> **WHAT TO WORK ON**: The data that follows is to be copied exactly, with each image removed.

(INFORMATION SHOWN)

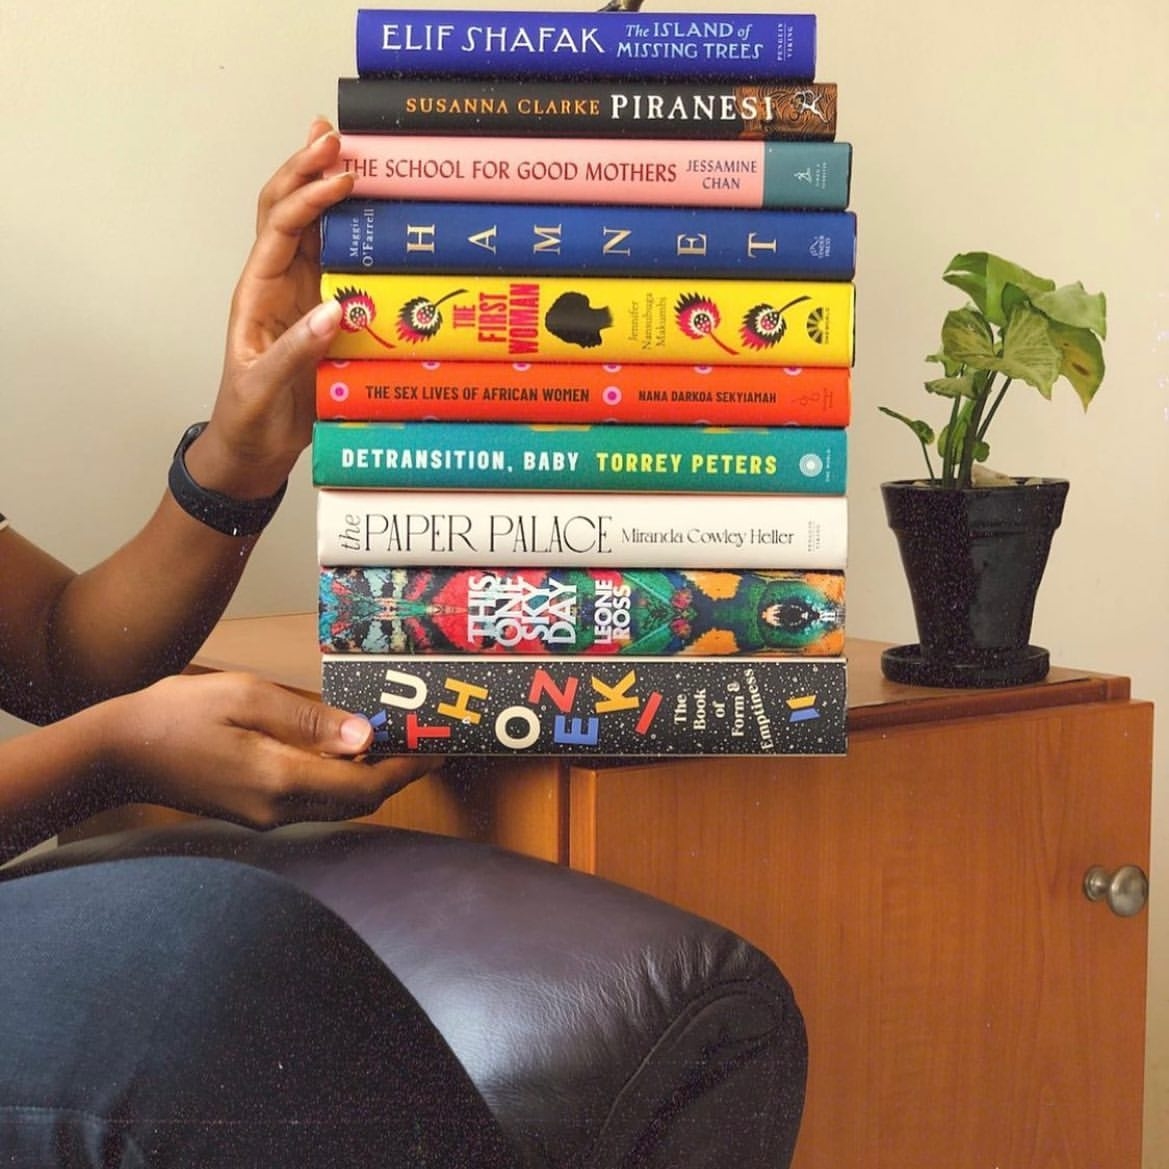 #BookLovers We love a good bookstack photo 😍••Make sure to tag us in your book collection pictures/videos! We love to see them 😍••📸: @the.eworm #thebookjoint #blackpeopleread #writer #poet #poetry #blackauthor #blackauthors #blackauthorsmatter #africandiaspora #bookstag
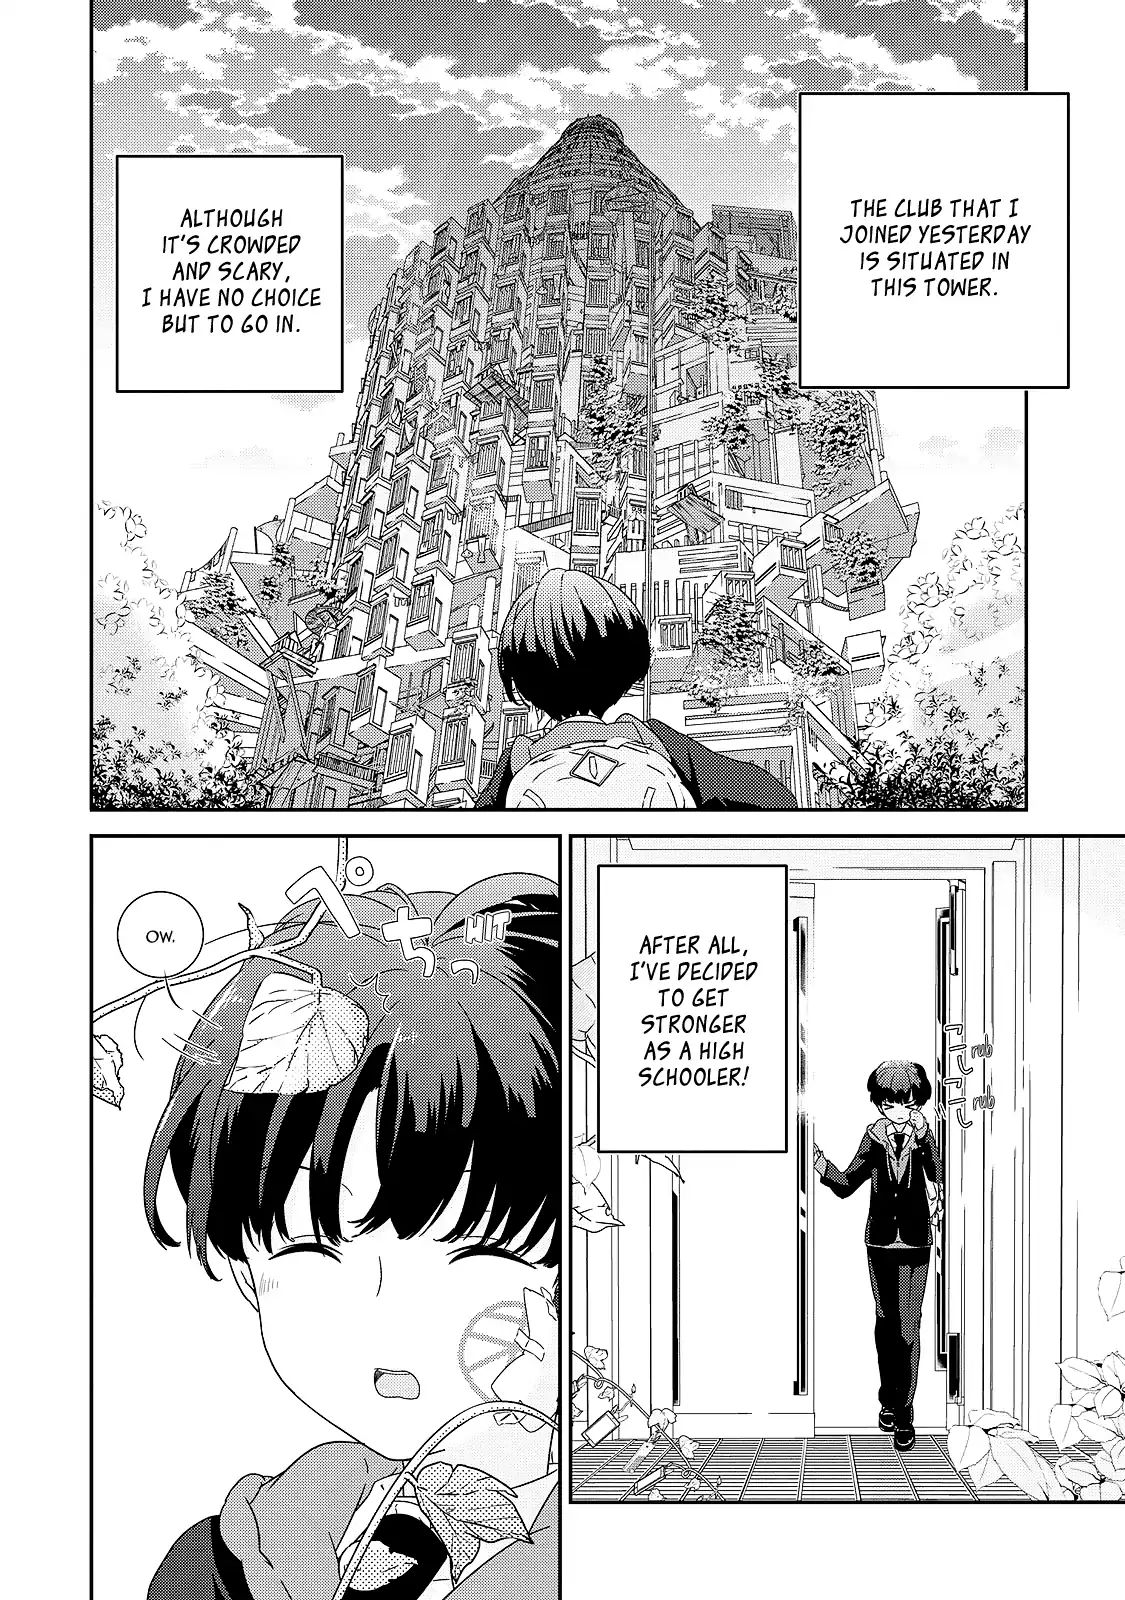 The Female God Of Babel: Kamisama Club In Tower Of Babel Chapter 2 #6
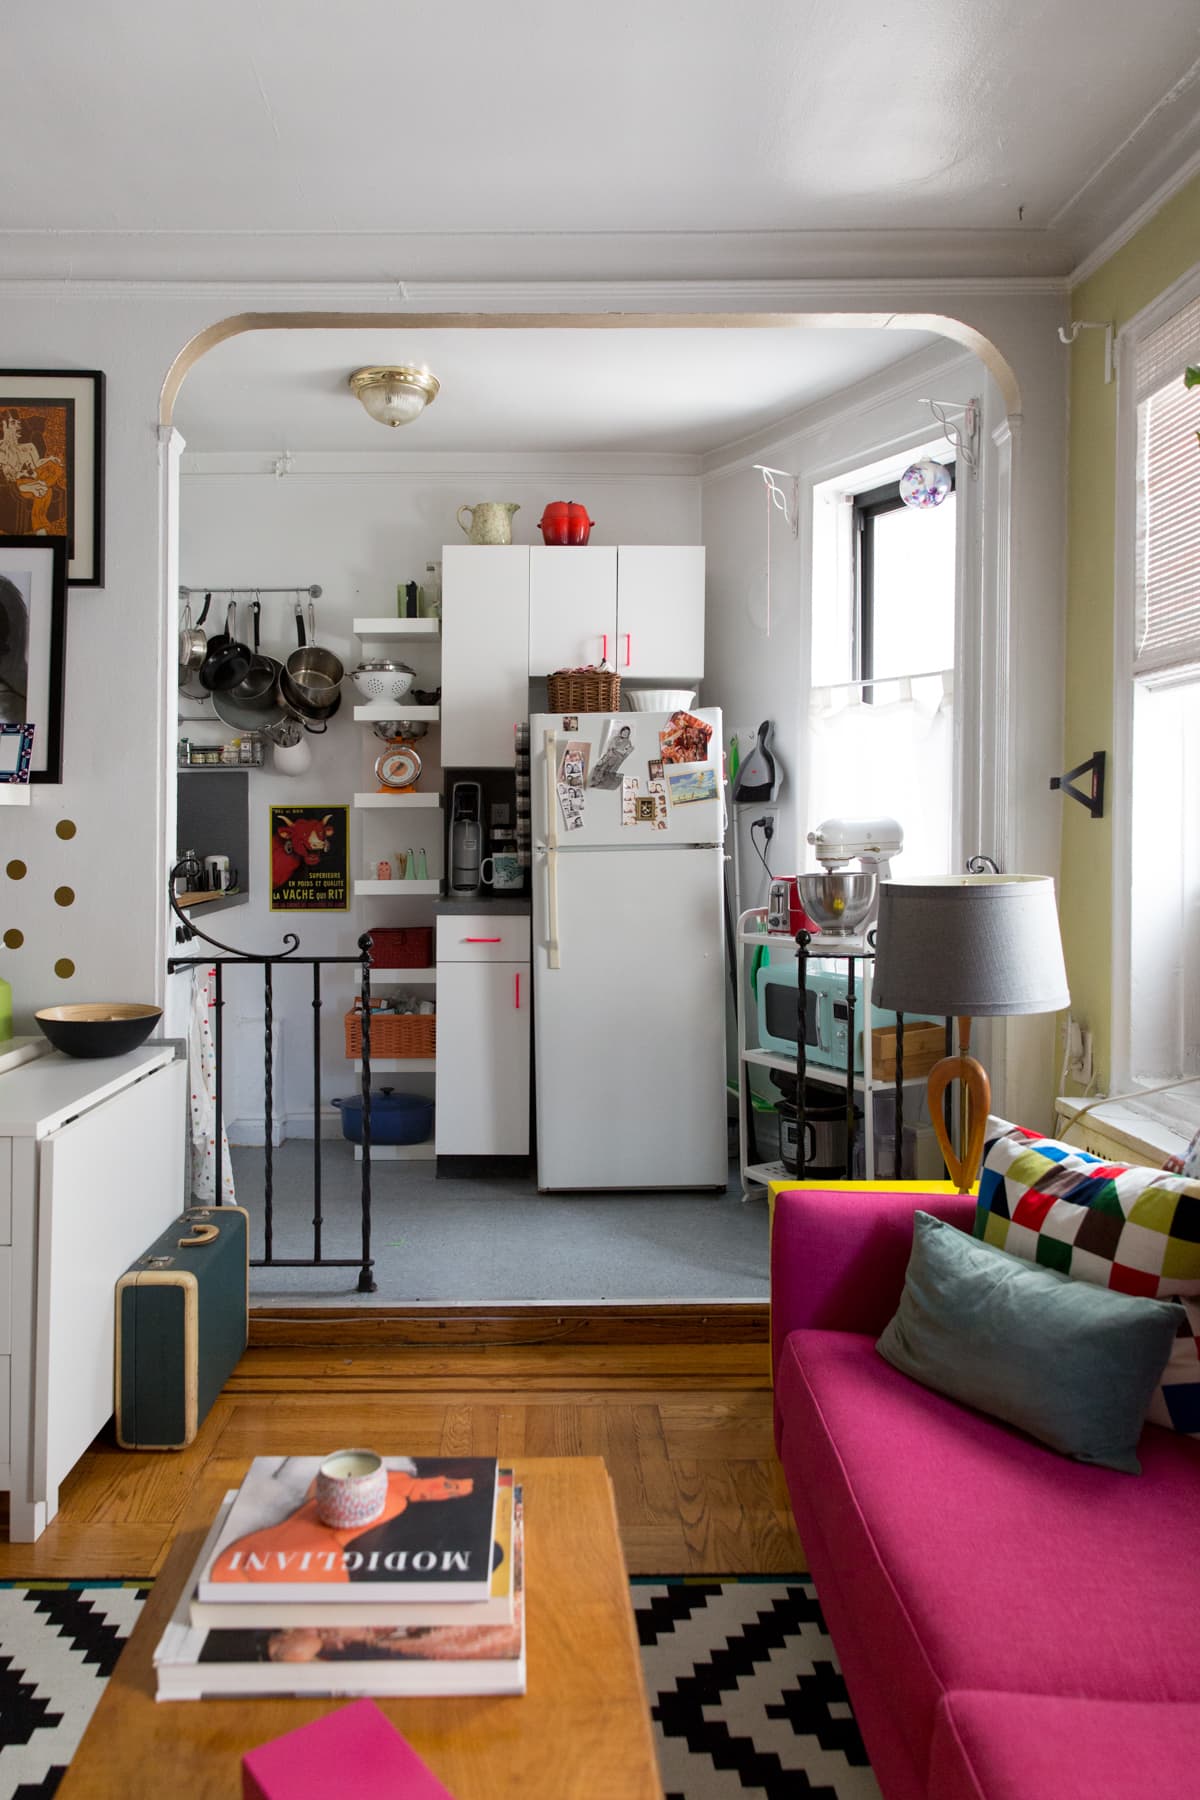 New York Studio Apartment Tour: A Small, Colorful Home | Apartment Therapy

(End INFORMATION SHOWN)

> **ANSWER TO THE EXERCISE**:
 #BookLovers We love a good bookstack photo 😍••Make sure to tag us in your book collection pictures/videos! We love to see them 😍••📸: @the.eworm #thebookjoint #blackpeopleread #writer #poet #poetry #blackauthor #blackauthors #blackauthorsmatter #africandiaspora #bookstag
 The Female God Of Babel: Kamisama Club In Tower Of Babel Chapter 2 #6
 New York Studio Apartment Tour: A Small, Colorful Home | Apartment Therapy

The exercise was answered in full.